Imagine we want to create a blog system where users can create their own blogs. Also, we would like to give users some flexibility by letting them to define if a given article is featured or not based on almost anything. It could be based on the number of visits that the article has received, the category, or even something weird as the current time. The expression that determines if a given article is featured or not in run time would be saved in the database too.

Doing this in a classic way would be cumbersome, we would need to define fixed rules and force users to choose between one of them… unless we use eval().

// get an article from the blog
$article = $blog->getArticle(1);

// check the values
var_dump($article->getVisits()); // int(15)
var_dump($article->getFeatured()); // bool(false)
var_dump($blog->getFeaturedExpression()); // string(26) "$article->getVisits() > 10"

// calculate whether it is a featured article
$article->setFeatured(eval('return ' . $blog->getFeaturedExpression() . ';'));

// featured changed to true
var_dump($article->getFeatured()); // bool(true)

// render the article
...

The number of visits of the post is 15 and the expression to make it featured is “$article->getVisits() > 10″, so when evaluated returns true. The problem of this approach is that we are using eval() and we all know that eval is evil as it allows execution of arbitrary PHP code. In this example, eval() works fine and adding a return statement we get the result of the comparison “15 > 10″, but that will not be always the case. Since we are letting users define their own expressions that will be executed by the PHP engine, a malicious user could configure his blog with something like “exec(‘rm -fr *’)”.

To quote Rasmus Lerdorf, “if eval() is the answer, you’re almost certainly asking the wrong question”.

The ExpressionLanguage component elegantly solves this issue. Since it has its own engine, no raw PHP is executed. Never. The only operations that will work are those defined and whitelisted. This is same example, but now using the ExpressionLanguage component:


use Symfony\Component\ExpressionLanguage\ExpressionLanguage;

// get an article from the blog
$article = $blog->getArticle(1);

// object values
var_dump($article->getVisits()); // int(15)
var_dump($article->getFeatured()); // bool(false)
var_dump($blog->getFeaturedExpression()); // string(26) "article.getVisits() > 10"

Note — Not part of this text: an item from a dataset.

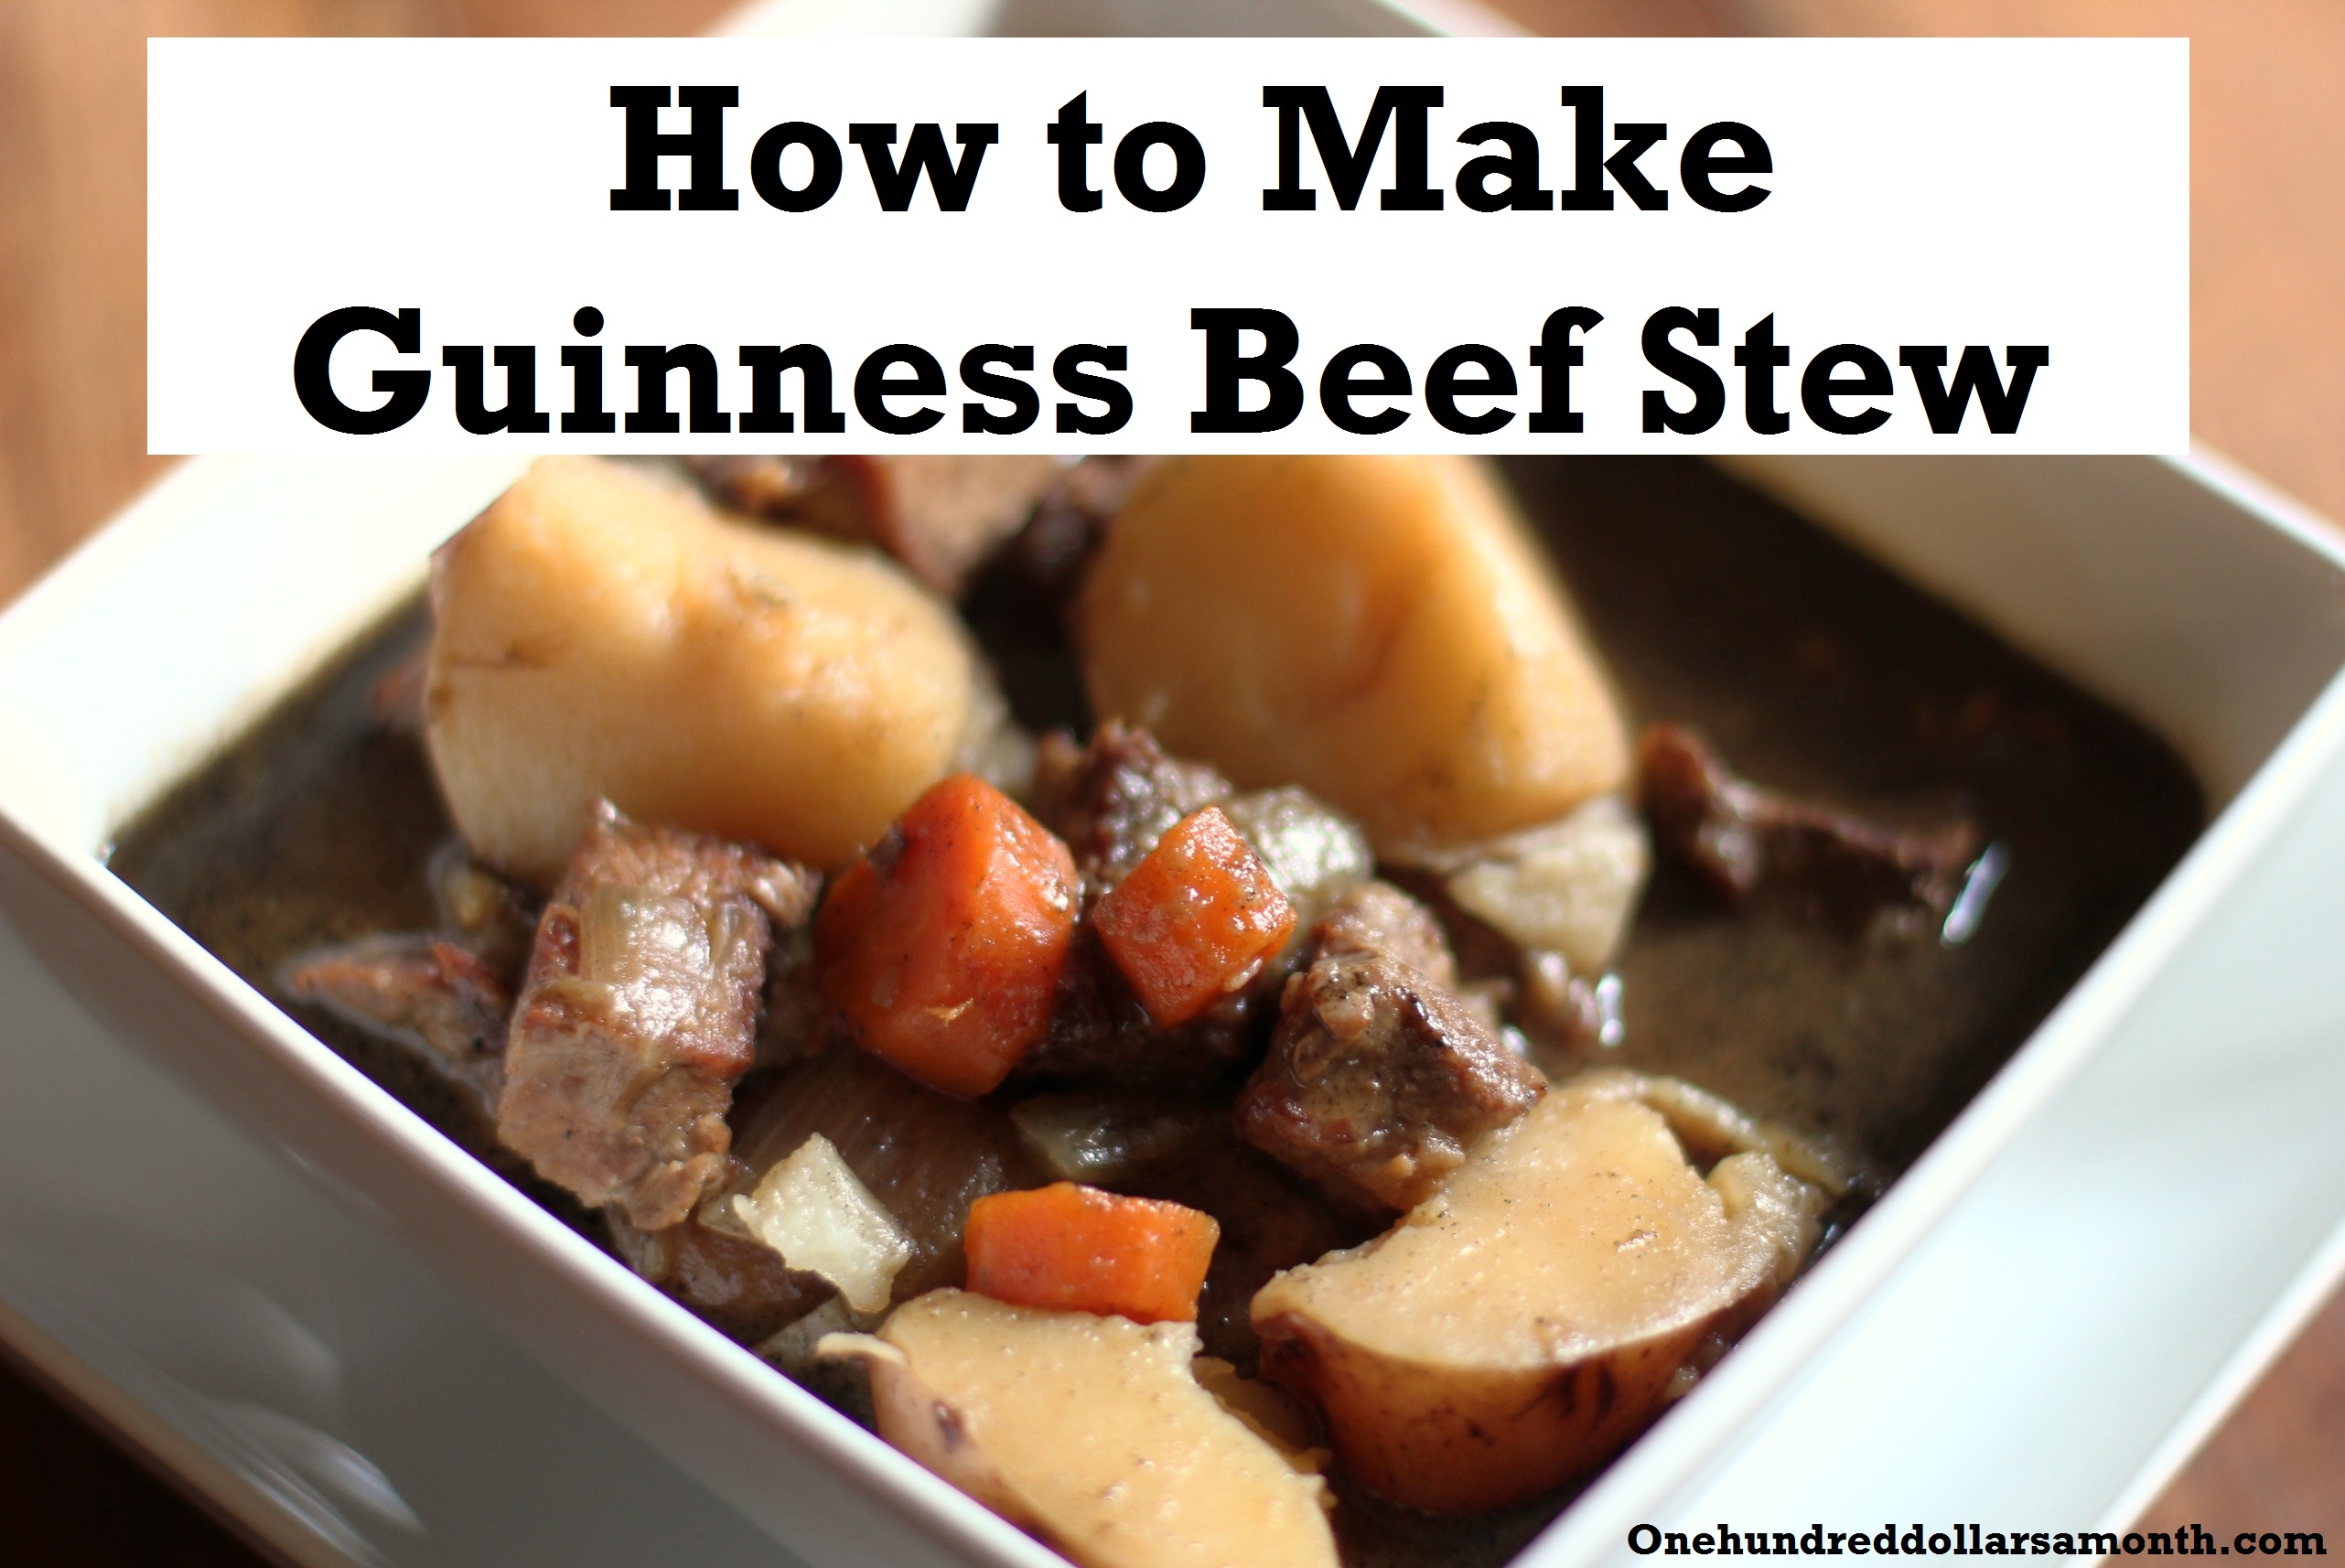 St. Patrick’s Day Recipe: How to Make Guinness Beef Stew

// calculate whether it is a featured article
$language = new ExpressionLanguage();
$article->setFeatured($language->evaluate($blog->getFeaturedExpression(), array(
    'article' => $article
)));

// featured changed to true
var_dump($article->getFeatured()); // bool(true)

// render the article
...

We created an instance of the ExpressionLanguage class to safely evaluate the expression “article.getVisits() > 10″. The evaluate() method evaluates the expression and optionally accepts an array of input parameters. The engine will only have access to the passed parameters, avoiding one of the problems of eval(), which has access to the current scope where is being executed. And it also solves the potential security problem with code execution, as the component does not execute PHP code, but a pseudo-language, which is limited and sandboxed.

Evaluate != compile

The ExpressionLanguage class provides two methods to deal with expressions: evaluate and compile.

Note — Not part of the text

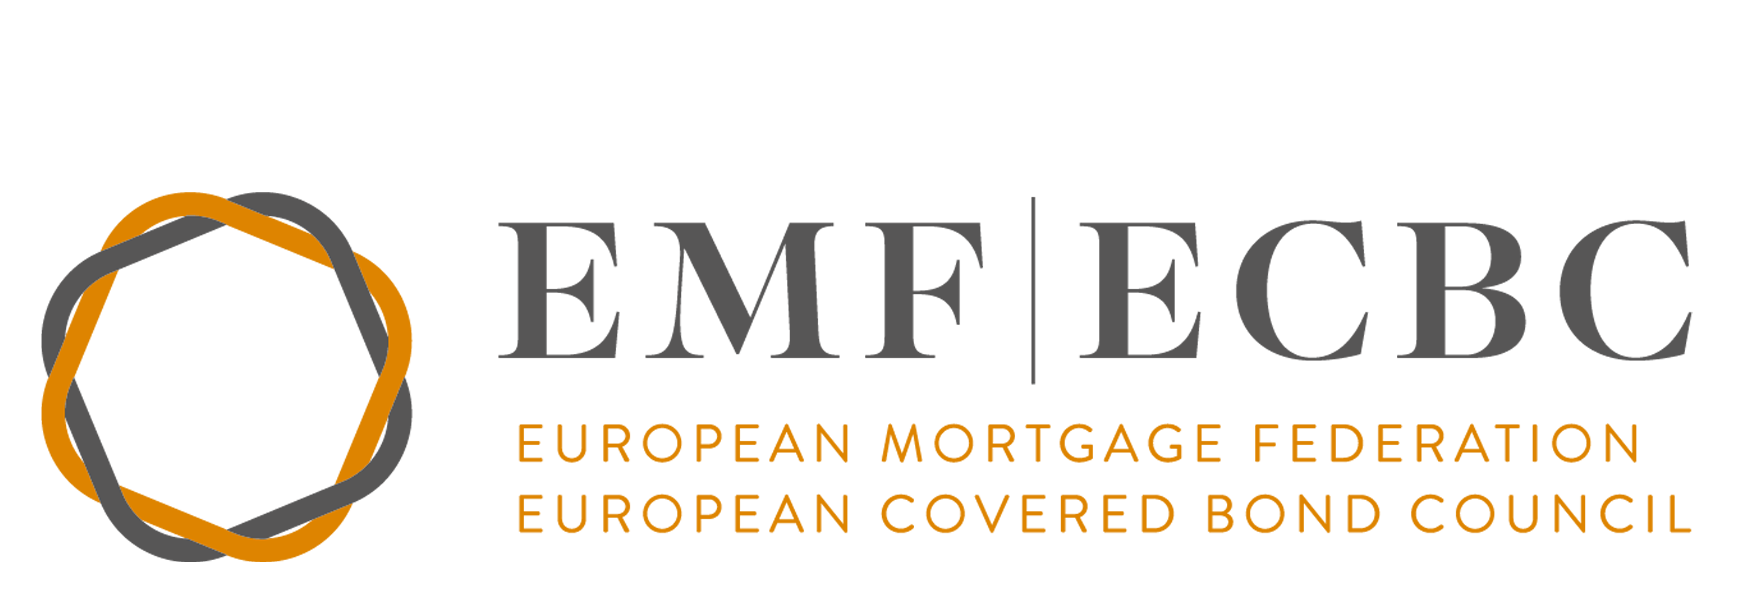 European Mortgage Foundation and European Covered Bond Council

The evaluate method evaluates the expression and returns its value. The return value can be a PHP variable of any type, even objects:

var_dump($language->evaluate('value**2', array('value' => 5)));
var_dump($language->evaluate('article.getVisits() > 10', array('article' => $article)));
var_dump(get_class($language->evaluate('article', array('article' => $article))));

The output would be:

int(25)
bool(true)
string(7) "Article"

Moreover, the compile method converts an expression into PHP code, so it can be cached and evaluated later.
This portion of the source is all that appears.